Prove $ \sqrt{\arctan(x)} = (1/2) \arccos((1-x)/(1+x))$

Question

$$ \sqrt{\arctan(x)} = \dfrac{1}{2} \arccos\left(\dfrac{1-x}{1+x}\right)$$

I have been trying to solve this problem for the past hour, but I'm not able to solve it as I have just started solving difficult trigonometric problems. I'm not able to get any logic to solve this problem. I'm not able to put any trigonometric formula to solve this please help.

Answer 1

The statement isn't true.
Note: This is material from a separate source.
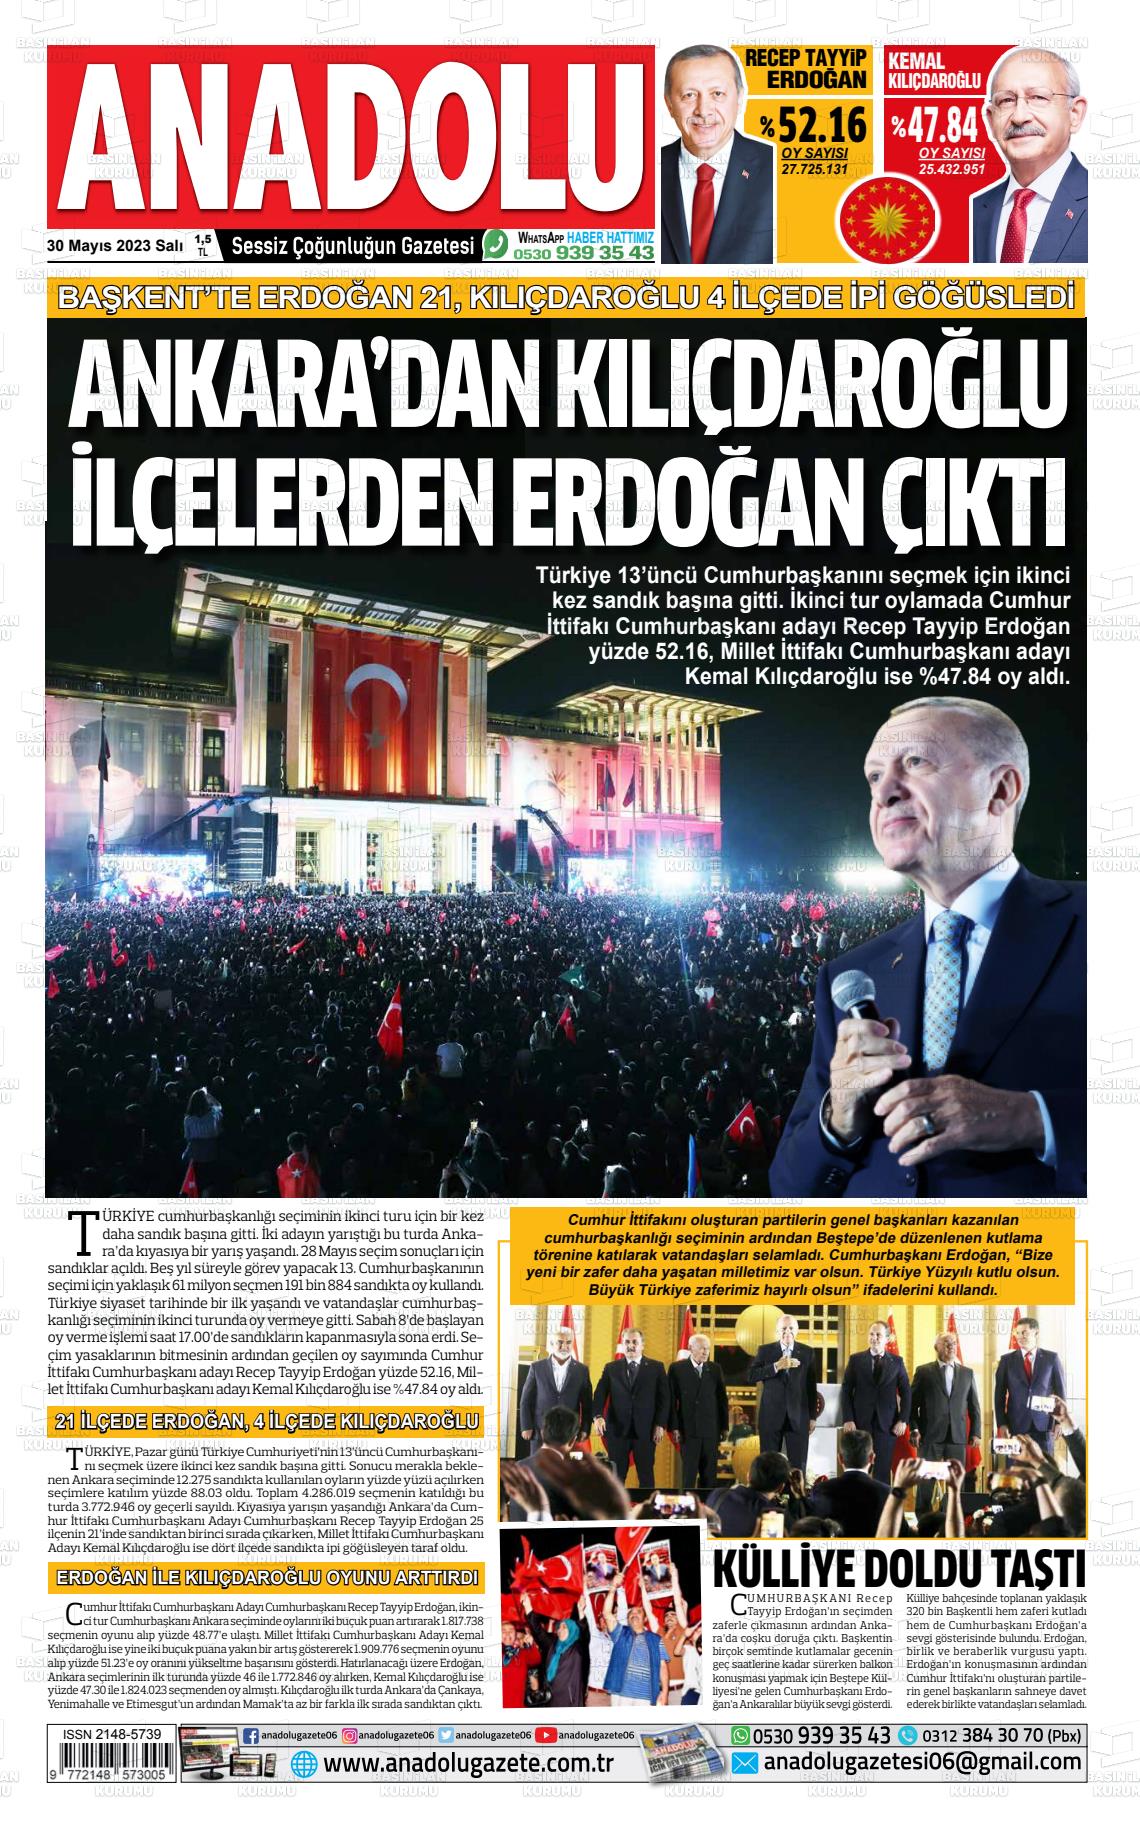 30 Mayıs 2023 Ankara Anadolu Gazete Manşeti

For instance you can plot the difference or compute an asymptotic expansion of the difference in $0$ :

$$\frac{2\,{x}^{\frac{3}{2}}}{3}-\frac{11\,{x}^{\frac{5}{2}}}{15}+\frac{2\,{x}^{\frac{7}{2}}}{7}+\cdots$$

Answer 2

Here is 2-steps plan:

1. Salvage your accept rate from its current appalling value.
2. Prove that $$ \arctan(\sqrt{x}) = \frac{1}{2} \arccos\left(\dfrac{1-x}{1+x}\right). $$

Answer 3

I seem to recall first proving this identity as follows:

• Compute the derivatives of the left and right sides and show that those are the same, so the left and right sides differ by a constant; then
• Show that they're equal at $x=0$, so that constant must be $0$.

It should also be possible to prove it as a corollary of other trigonometric identities and/or basic geometry.